Это самое прекрасное воспоминание, которое я сохранил о нашем лесе, если не считать воспоминаний об осени и грибах. Позже, подростком, я буду приходить сюда, уже одинокий и печальный, но в те времена я еще любил наши семейные сборища, шутки и общий смех. Мы завтракали на полянке, усевшись прямо на мох, а потом я играл с Сильвией и с кузинами Полеттой и Иветтой, которые были старше меня, хотя их и продолжали по привычке называть «малышками». Мы лазили на деревья, сооружали шалаши из папоротника. Потом все собирали в большие мешки шишки — дома ими растапливали плиту. На обратном пути мой отец и дядя Эжен поочередно везли тачку. С высокого берега мы видели в низине деревенские крыши и дымки над ними, а вдали, на холме, замок Монтаржи. Солнце клонилось к горизонту, и я помню это розовато-лиловое небо, все в длинных жгутах облаков, гонимых ветром. Иногда тучами вилась мошкара, а иногда ласточки низко пролетали над землей, и мы знали: завтра пойдет дождь.
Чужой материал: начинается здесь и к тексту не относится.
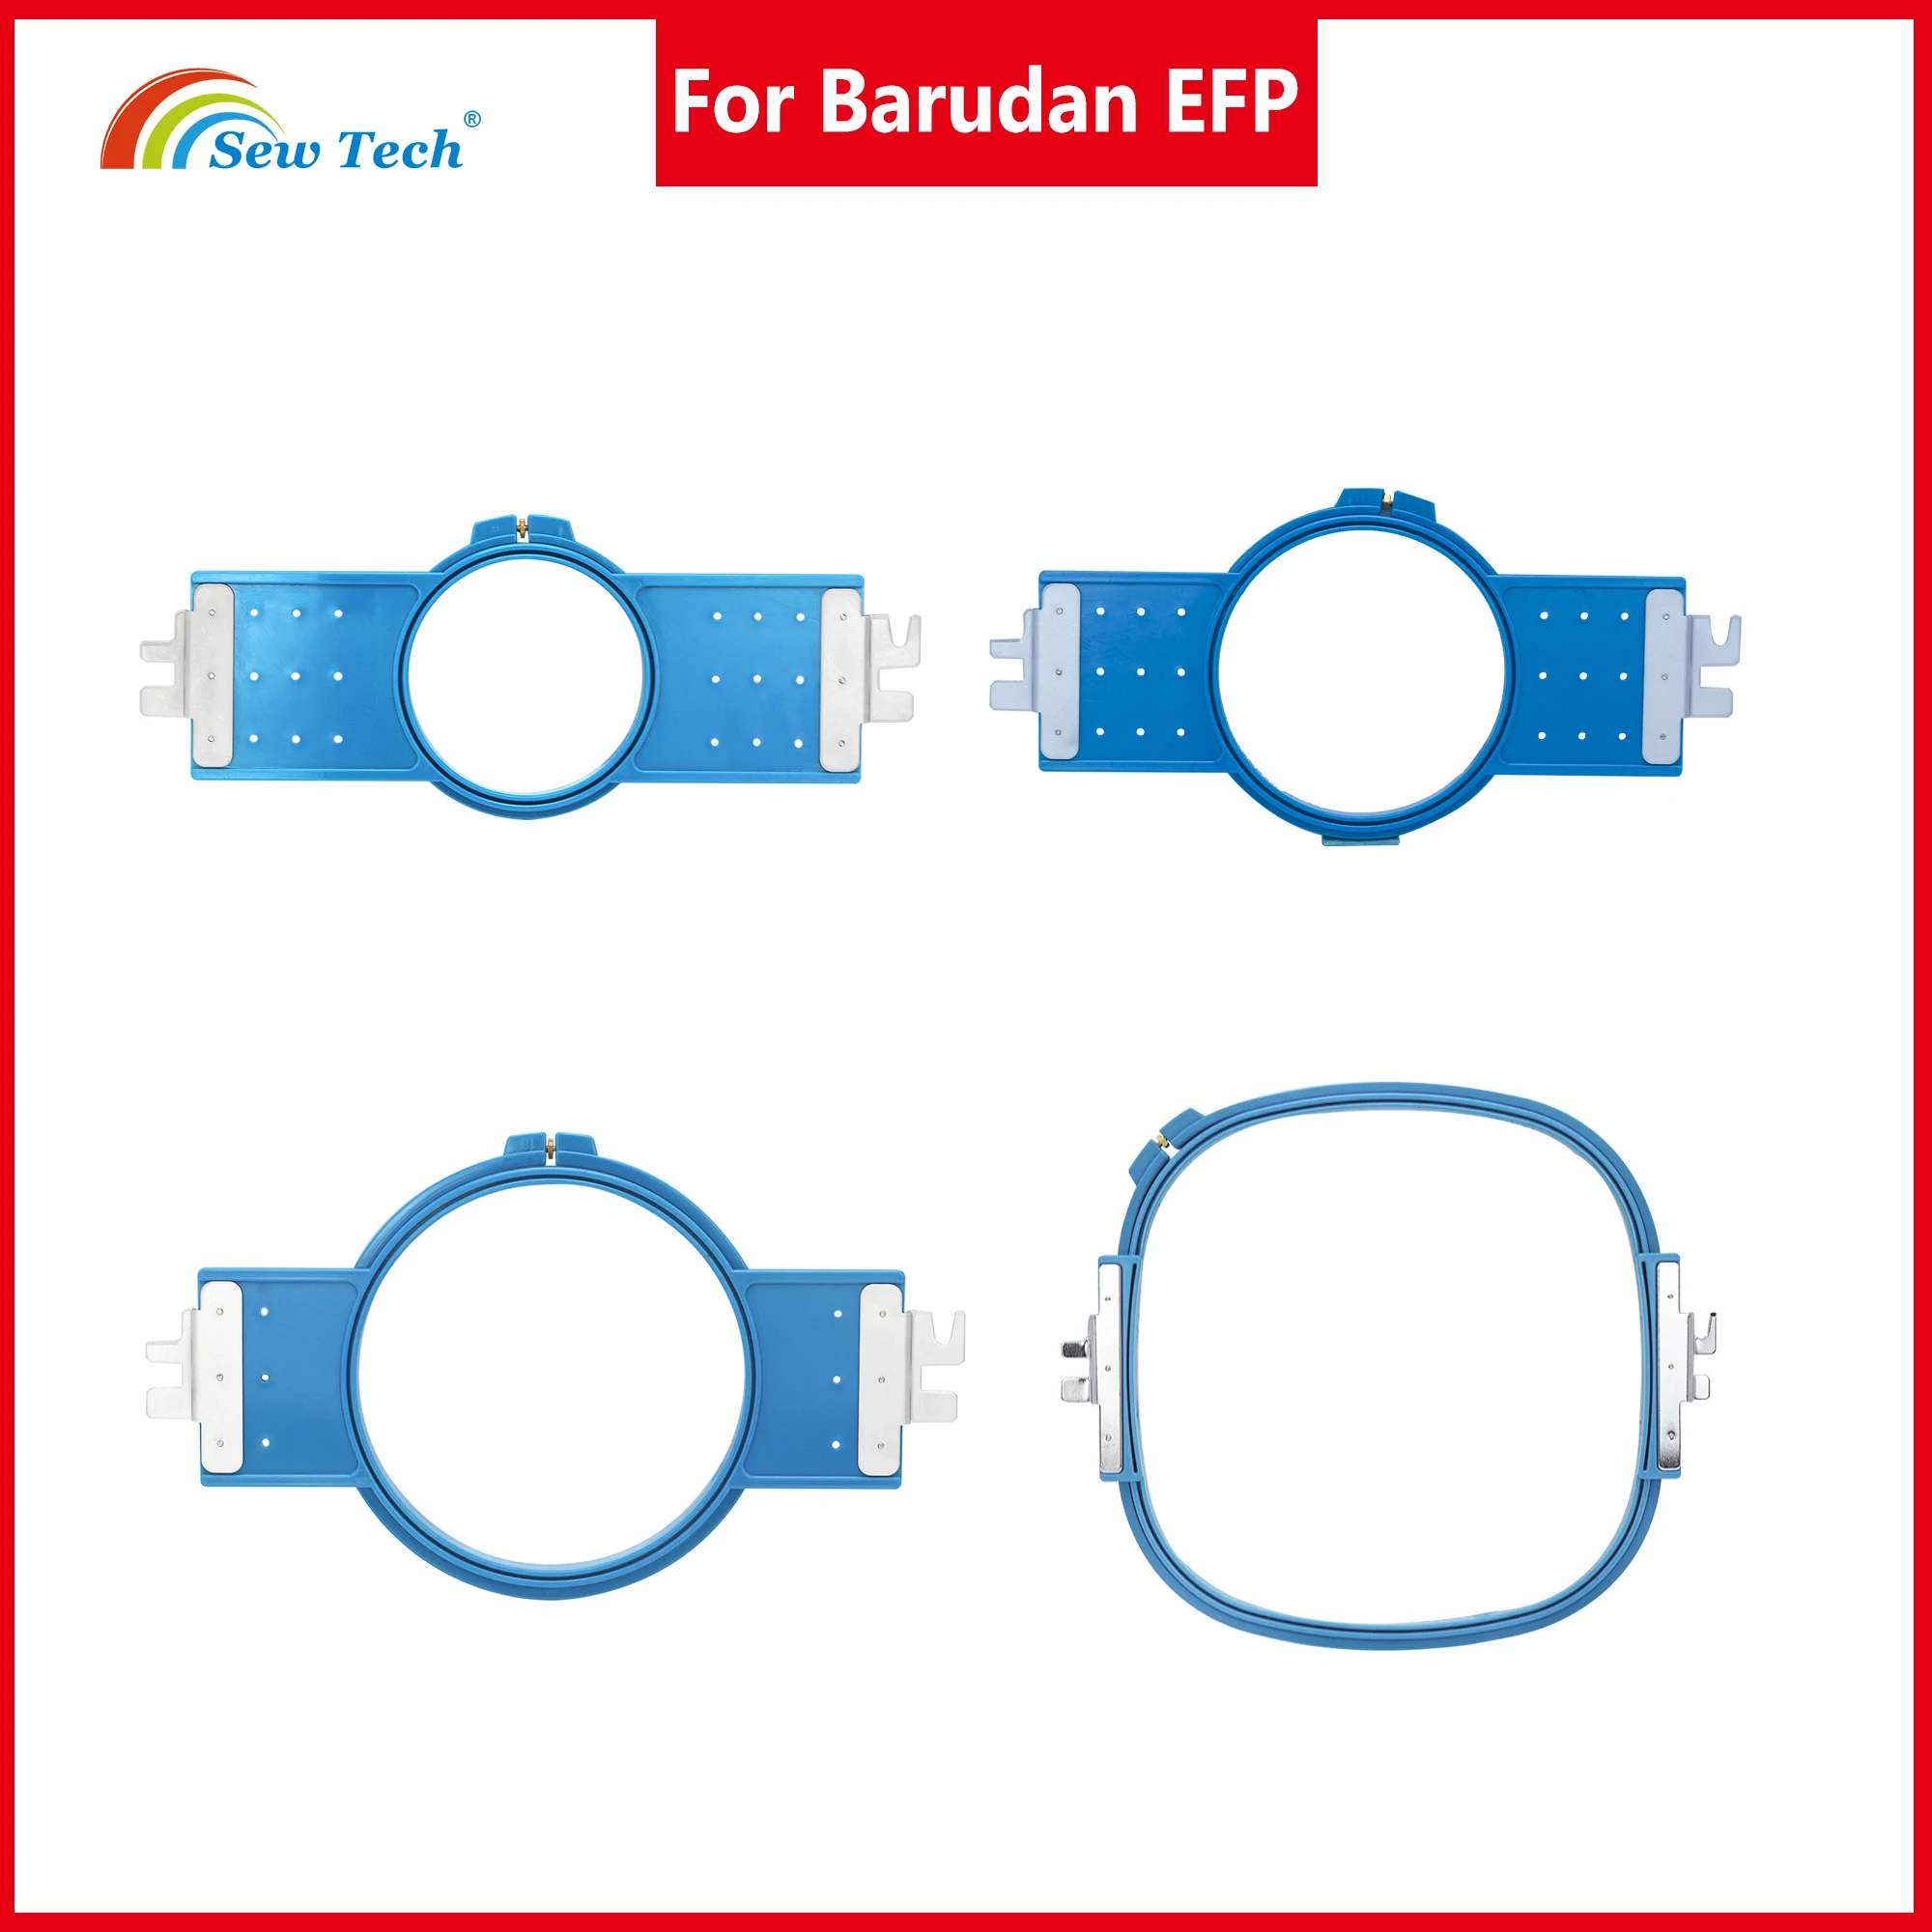 

Sew Tech Embroidery Hoops for Barudan EFP, Sewing and Embroidery Machine Rings Tubular Frames

Жорж и Жермена не участвовали в общих лесных прогулках, хотя иногда приходили к нам пообедать и сыграть в карты во дворике под сливой. Дядя, который всегда жил бедняком, когда сам вырезал сабо, теперь, занявшись торговлей обувью, подкопил денег и купил машину. Автомобиль в те времена ставил своего владельца ступенью выше остальных. Мне кажется, и в нашей семье на дядю уже смотрели как на человека, занявшего более высокое положение. Меня он иногда брал с собой в поездки; таким-то образом я и открыл для себя деревни, где он жил раньше: Шюэль, Шантекок, Куртене, Сен-Жермен-де-Пре, и вовсе безвестные, затерянные среди лесов и полей глухие уголки, пропахшие навозом. Он заходил в дома, где побывал когда-то, беседовал с людьми и уж обязательно наведывался в местную мастерскую, где выделывали сабо. В большинстве случаев оказывалось, что он знаком с хозяином, но даже если это было не так, дружба завязывалась мгновенно, поскольку Жорж был необыкновенно общителен, весел и за словом в карман не лез. Случалось, вначале собеседник поглядывал на него немножко косо, но скоро ему становилось ясно, что дядя — настоящий мастер своего дела, и атмосфера становилась дружеской. Дядя с пониманием рассуждал о заготовках дерева, об инструменте, о сбыте. Хозяин лез в шкаф за бутылкой и стаканами, но дядя отказывался: он только хотел поговорить, повспоминать!

— Нет-нет, спасибо. Стакан воды, если можно. Разрешите взглянуть на вашу работу?

— Почему бы и нет?

Мы шли в маленькую запыленную мастерскую, где пахло березой и лаком.

— Ага, вот эти сабо? — Он брал их, взвешивал в руке, подносил поближе к свету, поглаживал, проводя пальцами по всем изгибам. — Хороши! — говорил он. — Крепкие и удобные. Добрая работа!

В других случаях он помалкивал, предоставляя говорить хозяину, сам же не делал замечаний, так как не любил обижать людей. Но позже, в машине, он ворчал:

— Видал? Прямо не сабо, а баржи! Только дерево зря испортил. Да… переводятся хорошие мастера!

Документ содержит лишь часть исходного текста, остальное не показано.